Tuesday, March 11, 2014

Growing up...

My face and my voice say "GOOD JOB BUDDY!!!!", but my mind is screaming "HOLY SHIT!"

More and more Justin has been taking on his own care... the problem is there is no warning. I just get an "oh, by the way, I was 56 in 3rd period so I had some skittles and then I still felt funny on the way to 4th so I had some M&M's."

His BG was 120 at lunch, which is about 15 minutes into 4th period... soooo he rocked it. What can I say to that?

Over the past few weeks, he has self treated at midnight(we did have a chat about this). Self treated at school for lows a few times. Decided on 21 carbs for a mini cupcake(no phone call, no trip to the nurse)... he rocked those numbers too, BTW. He's even dabbled in texting me info.
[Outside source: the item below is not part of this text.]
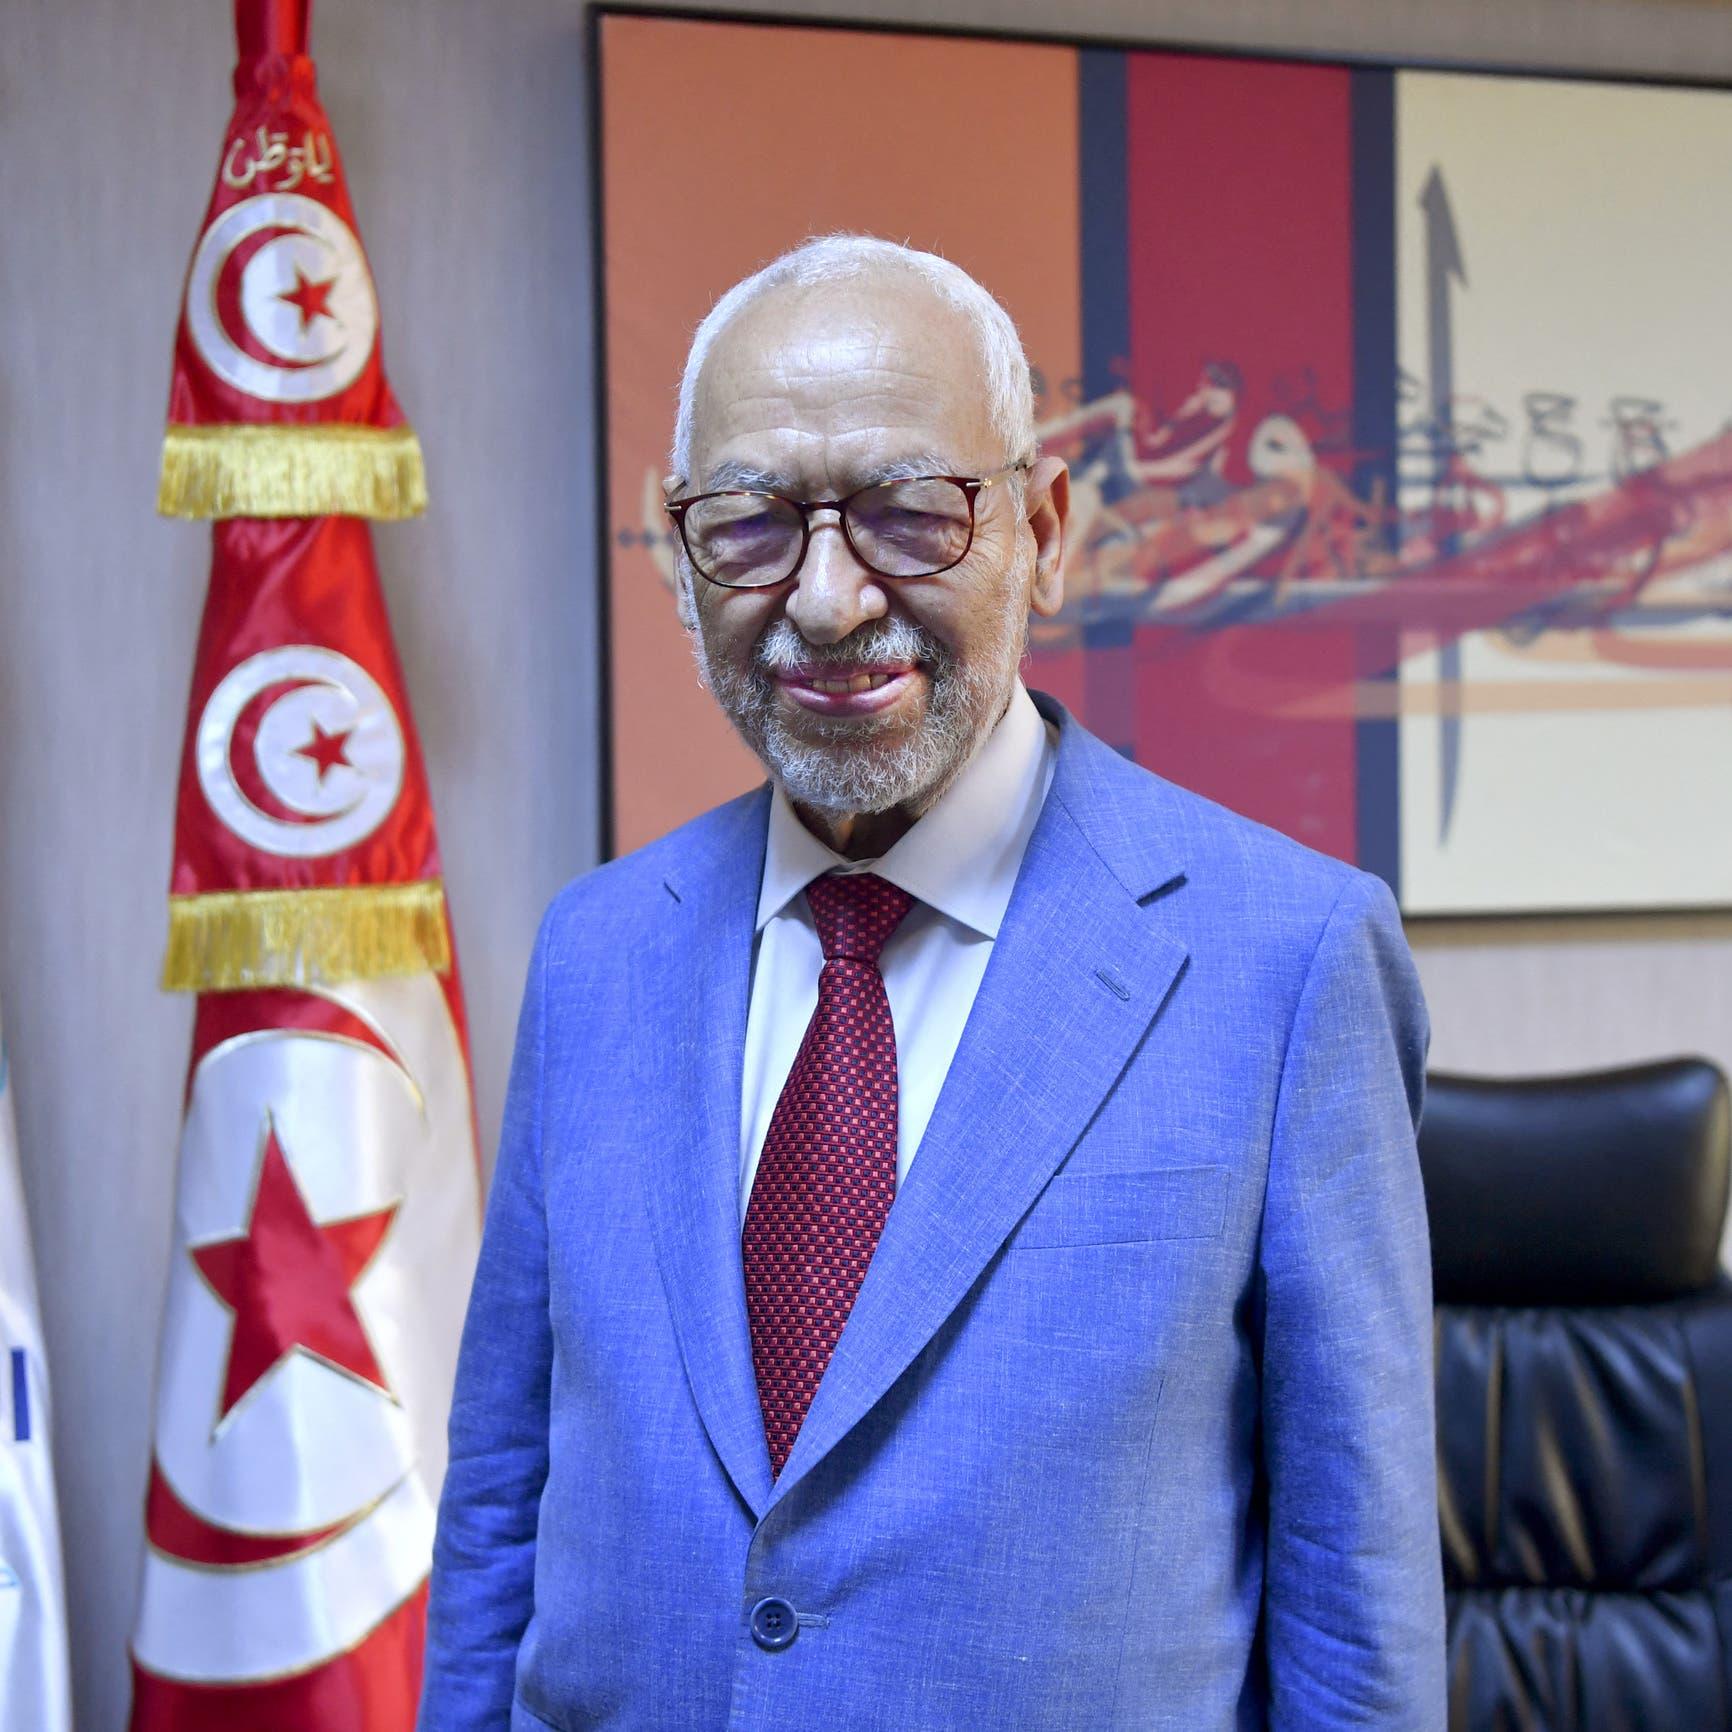 """دعوة الغنوشي تثير موجة انتقادات بتونس.. """"تمرد إخواني"""""""

I'm waiting for the nurse to find out and lose it.

... the shiz has been getting deep around here.

So much for my "helicopter-mom-itis" really working hard to screw him up.

I really couldn't be more proud of him, but I am extremely scared all at the same time. All these jumbled up feelings, swarming like they are ready to sting at any given moment... it's overwhelming.

I think the self treating at midnight scared me most. He was still awake, he says, and felt it. He tested and had a juice with a side of Hershey's. He was probably just waiting for an excuse to eat the chocolate and I can't deny that he did good.I can also appreciate him not wanting to wake me up, but at the same time I had to explain to him that, though I am really proud, at night he HAS to wake me, even if its after he treats himself. See, I can compromise ;)

Now if I can only get him to remember to tell me when he opens his last vial of test strips...

OR!!! When his pump alarms with less than 20u left.

AND... if someone can tell me how to handle this...

No worries...

A day in the life of self care and party invites... please hold while I willingly jump.


Sarah said...

LOL! Glad you're "fine", I wonder how many times our parents had to tell themselves the same thing. I can remember hearing the click of the light in my parents room going off when I'd come home after 11 in HS as if they weren't really waiting up...ha!
Sounds like Justin is very in tune with his body. I am impressed with your ability to compromise and let go where need be, you two are an incredible team. I look forward to having Justin tell Isaac, someday, that he too will be able to do all this care without his helicopter mommy :) But not yet...he still gets his numbers reversed every so often, could you imagine entering 31 carbs instead of 13...yikes! Take care ;)

Marjorie said...

Sounds like you are handling things wonderfully! Totally agree with the night time compromise, can't be too careful there.
I still get up at 3am to test Amy, and have no idea how old she will be when I'm ready to stop!
I'm not so sure I'm looking forward to the girls growing up, think I will savour ages 5 & 7 for now :)

Sara said...

I left my thoughts on Facebook. You guys are doing an excellent job! (it just might require a few extra mojitos)

Tim E said...


I really know how you feel about having someone help with the middle of the night checks. I wish Jen would get up and help once in a while. I would think that the motherly instincts would kick in and she would get up easily to check on our young guy. He is 6 and has had D! for 4 years now. Jen goes to school full time so I have been try to let her get as much sleep as she can to make sure that she can be alert for school, but even when she has weeks off she doesn't get up.

I really feel bad when I have gotten so tired that I sleep through my alarm. It is tough not to beat yourself up when things like that happen. I feel relieved every morning when I her him wake up or if I go in and can still see him breathing.

Just seems to me that after four years of getting up every night she could take a few turns.

I hope the transition from helicopter mom to adviser goes with out to many complications. I know our time is coming. He is already trying to help and check his fingers. The other day at daycare he told them he knew how to correct for a high blood sugar. He is six keep in mind. They actually let him do it. When I got there to pick him up that were just checking him again. He was at 45 with 1.3 units still on board. I went immediately to the director to have a discussion about letting a six year old give himself a drug that could kill them when administered incorrectly. Just another story for the blog I guess. Keep the head down and hope that a cure comes soon.